Tank is my main storage pool, it basically runs data across 3 x raidz1’s so that it’s iops in 3x of what a single hdd setup on zfs would run at.
rpool is currently boot, but that will be removed soon to free up another sata port
and then on top i got a slog and running sync always to minimize defragmentation of data on the pool and a l2arc to minimize reads from often read stuff…
ofc this runs more than just the storagenode…

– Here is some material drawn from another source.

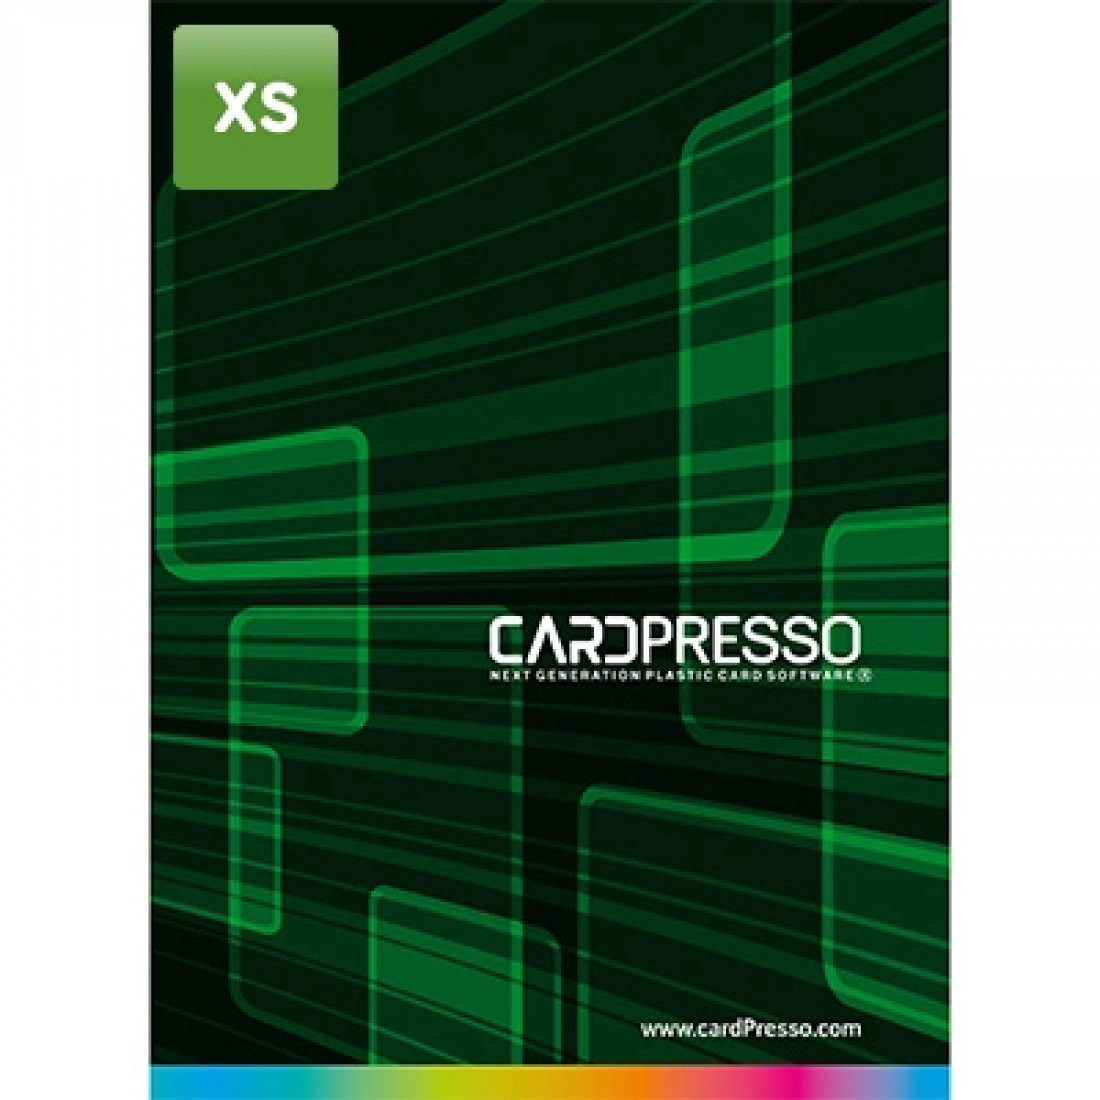 cardpresso encode from database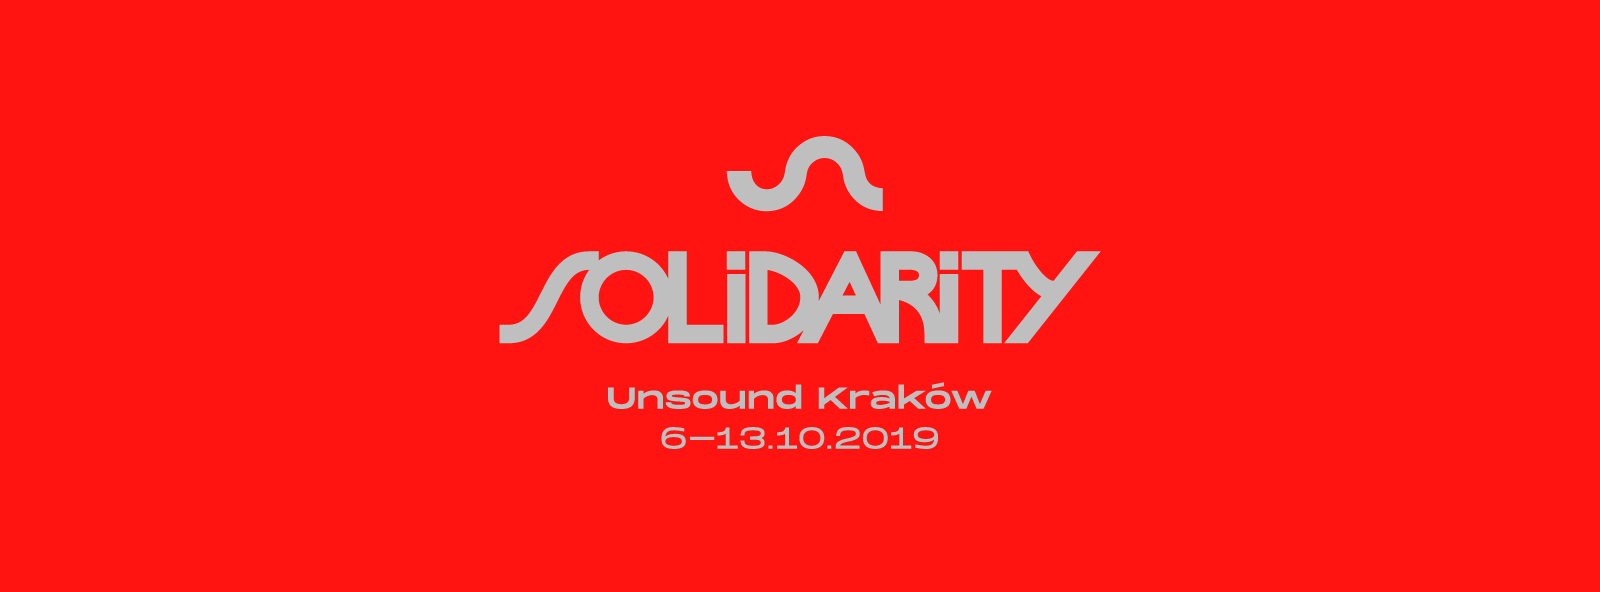 soildarity - unsound kraków logo

not much currently tho lol…
something people often forget about raid is the iops… most standard raid arrays only get iops for 1 drive worth, which means you end up having like 6 drives or 8 in a raid 6 and they all collectively work on an iops equal to a single drive… which means in some workloads the array is useless
FWIW, btrfs has been pretty reliable since Linux kernel 4.4 (for me anyway), not to get too off-topic. Most of the problems I see these days are actually btrfs detecting corruption caused by hardware failure. If btrfs cannot repair the data from a good copy, it will loudly fail to read the data where other filesystems like ext4 will happily return bad data to the application. So you’ll see more errors with btrfs but that’s just because it knows when corruption happens and ext4 doesn’t. (ZFS also does checksumming and can transparently repair bad data from a good copy.)
My experience is that ZFS detected that 2 of my hard drives are bad and I should replace them. The 2 storage nodes are still running fine and have not been disqualified. I will just take the extra money until the hard drives have too many failures or don’t even start.